▶ [What you should do]:
From the records below, output exactly the lines starting at the line with "Renault Captur gebraucht" and ending at the line with "Vintage Gemstone Earrings", both of them included, but no pictures.

▶ [Listed entries]:
%%
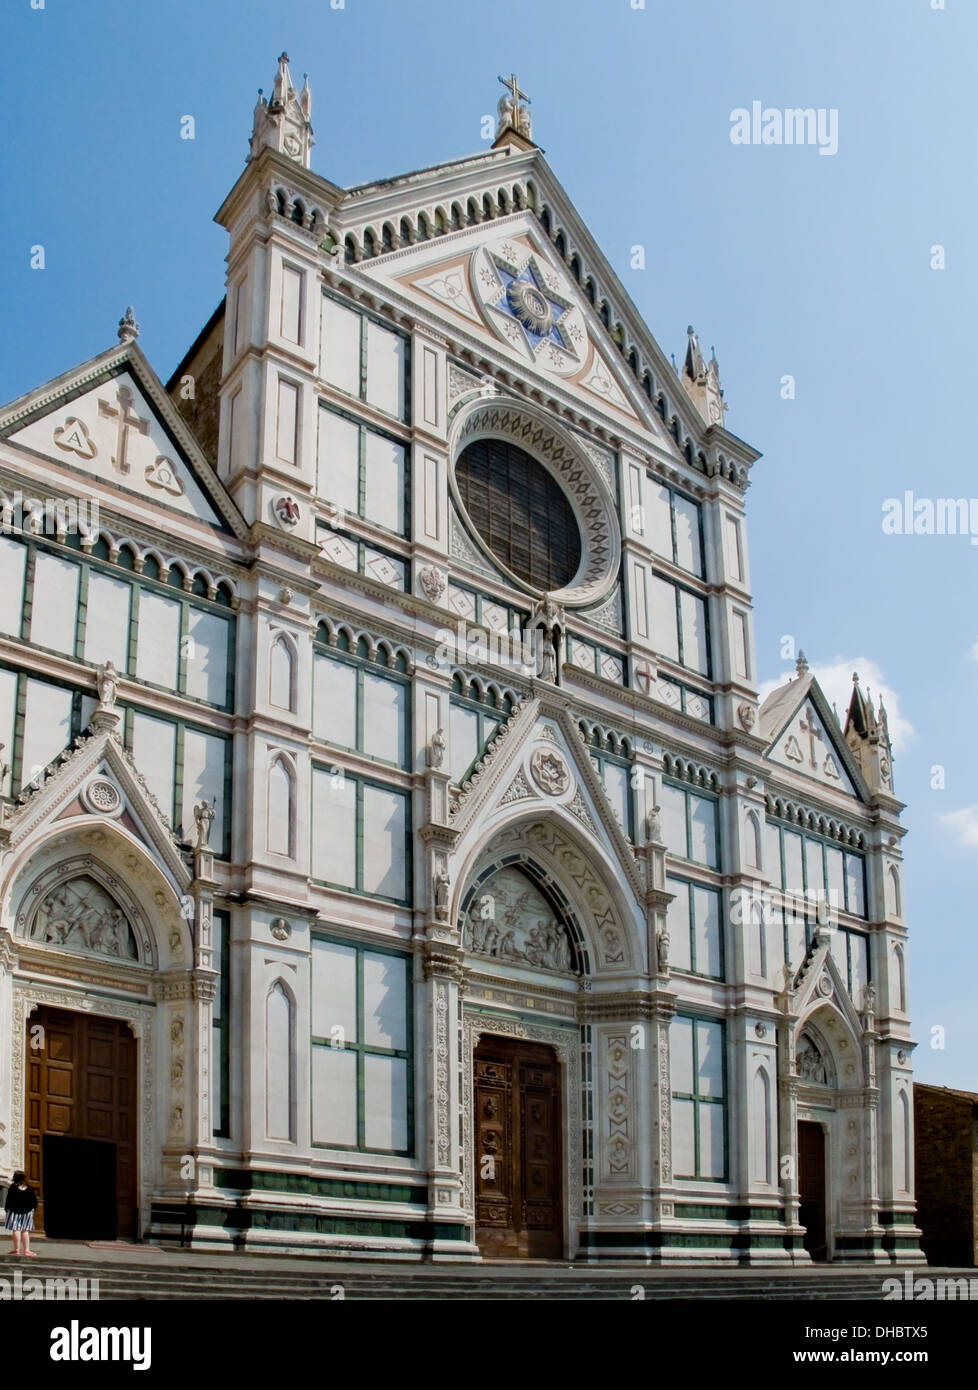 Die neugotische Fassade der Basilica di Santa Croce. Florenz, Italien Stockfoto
%%
%%
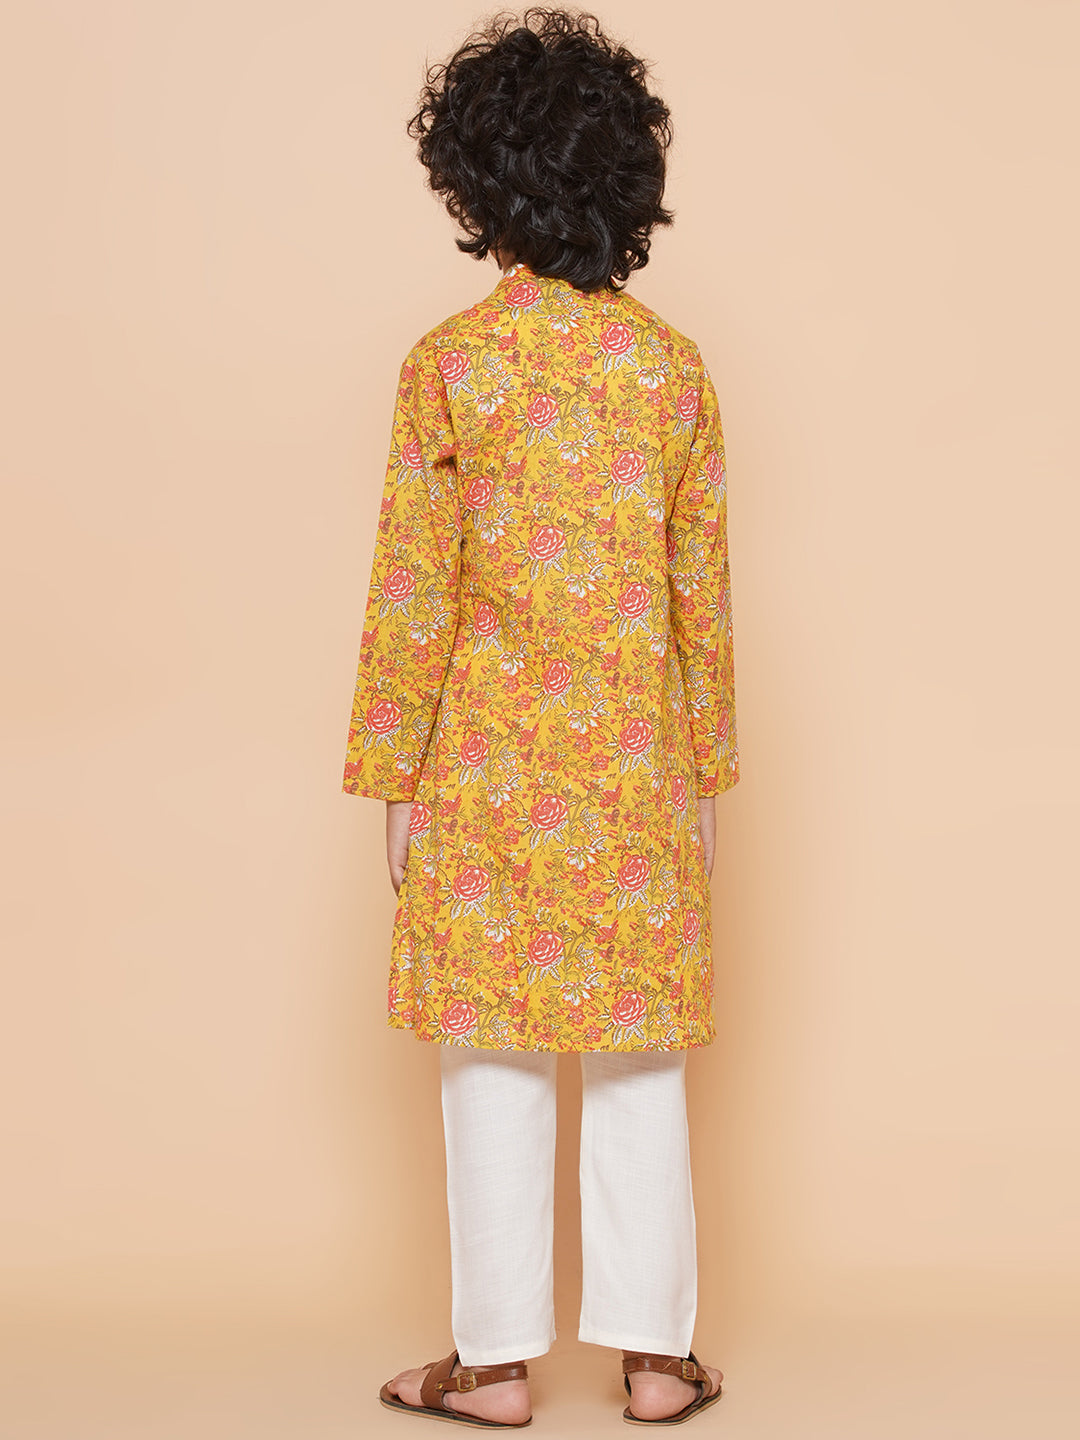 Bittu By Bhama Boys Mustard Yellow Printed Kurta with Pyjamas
%%
%%
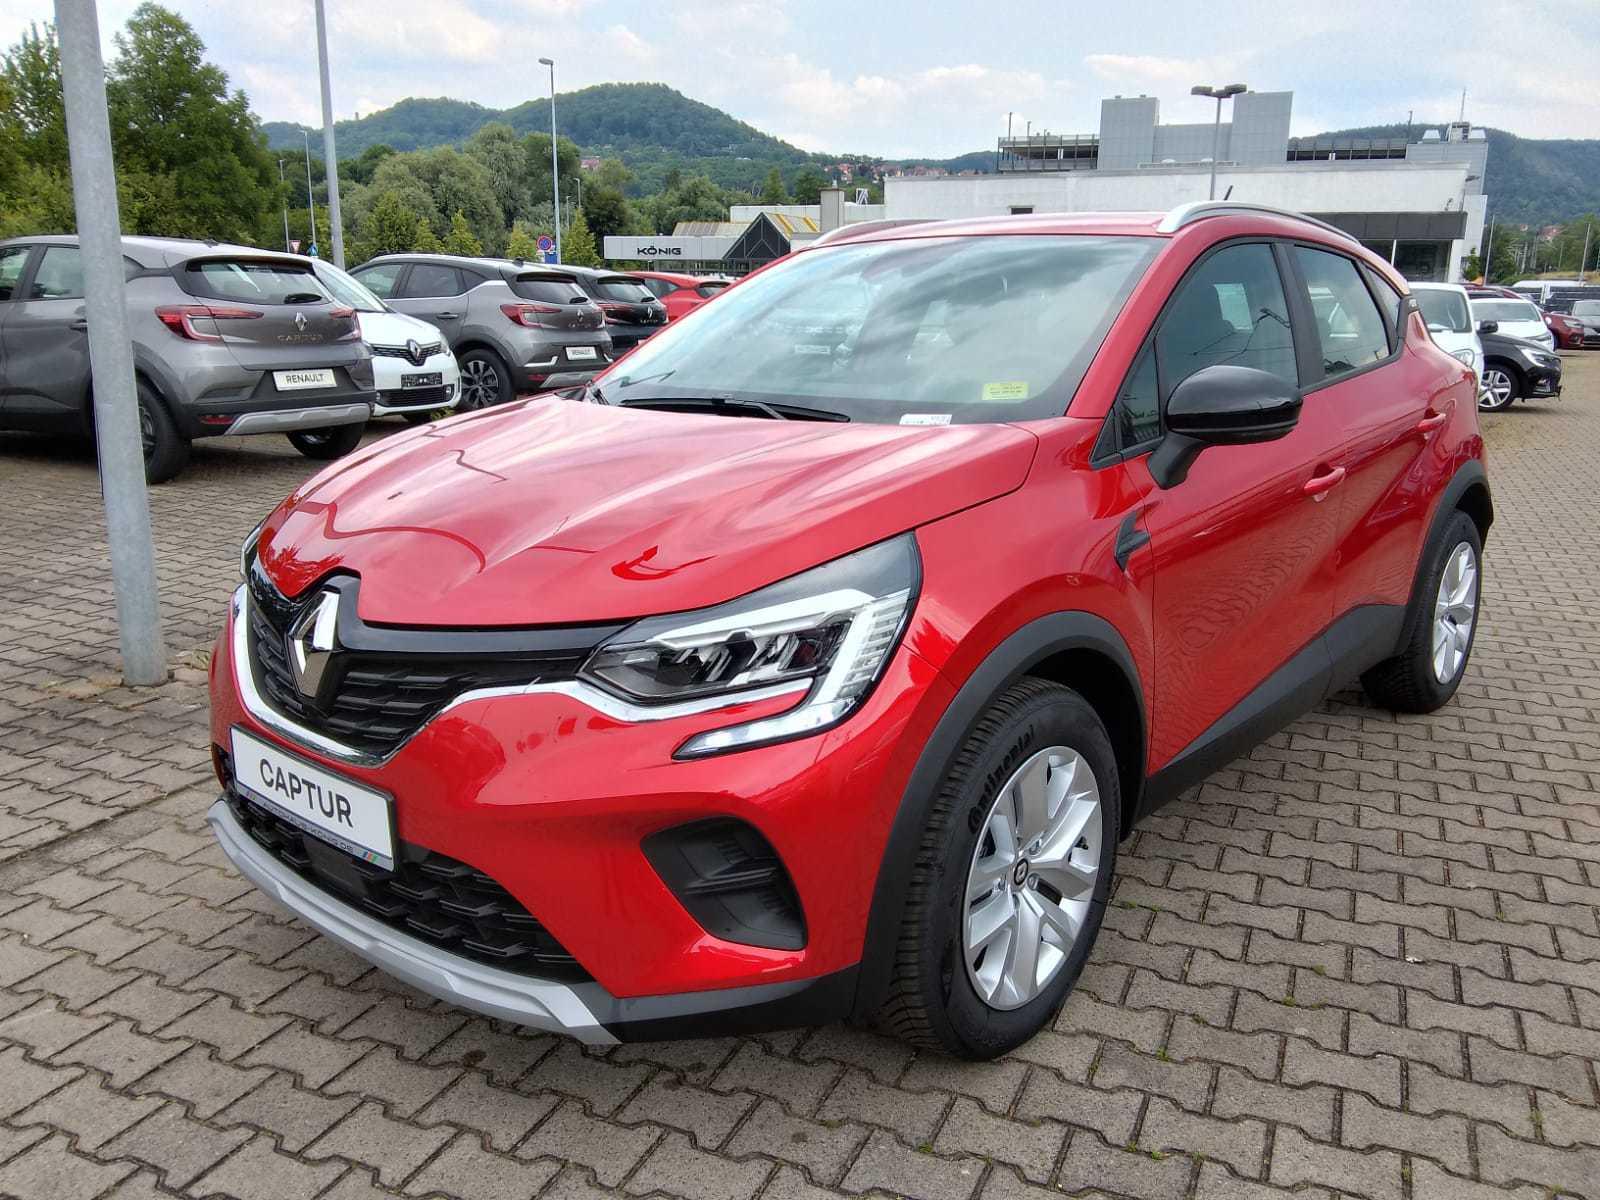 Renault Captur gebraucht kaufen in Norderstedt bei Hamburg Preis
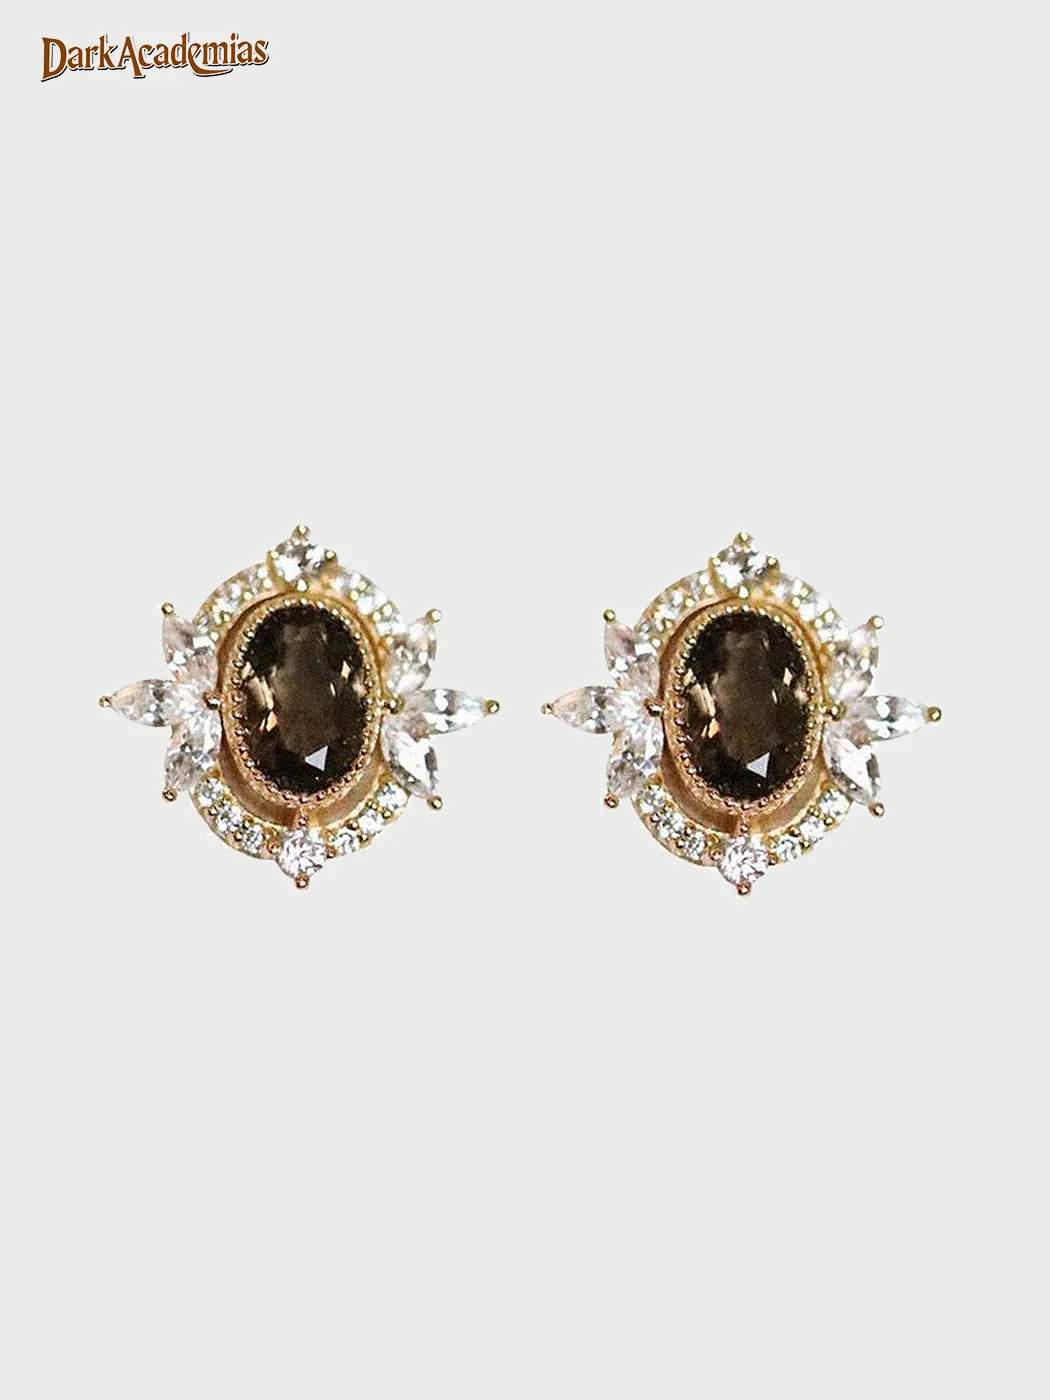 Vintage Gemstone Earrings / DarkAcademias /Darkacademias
%%
▶ [Expected output]:
 Renault Captur gebraucht kaufen in Norderstedt bei Hamburg Preis
 Vintage Gemstone Earrings / DarkAcademias /Darkacademias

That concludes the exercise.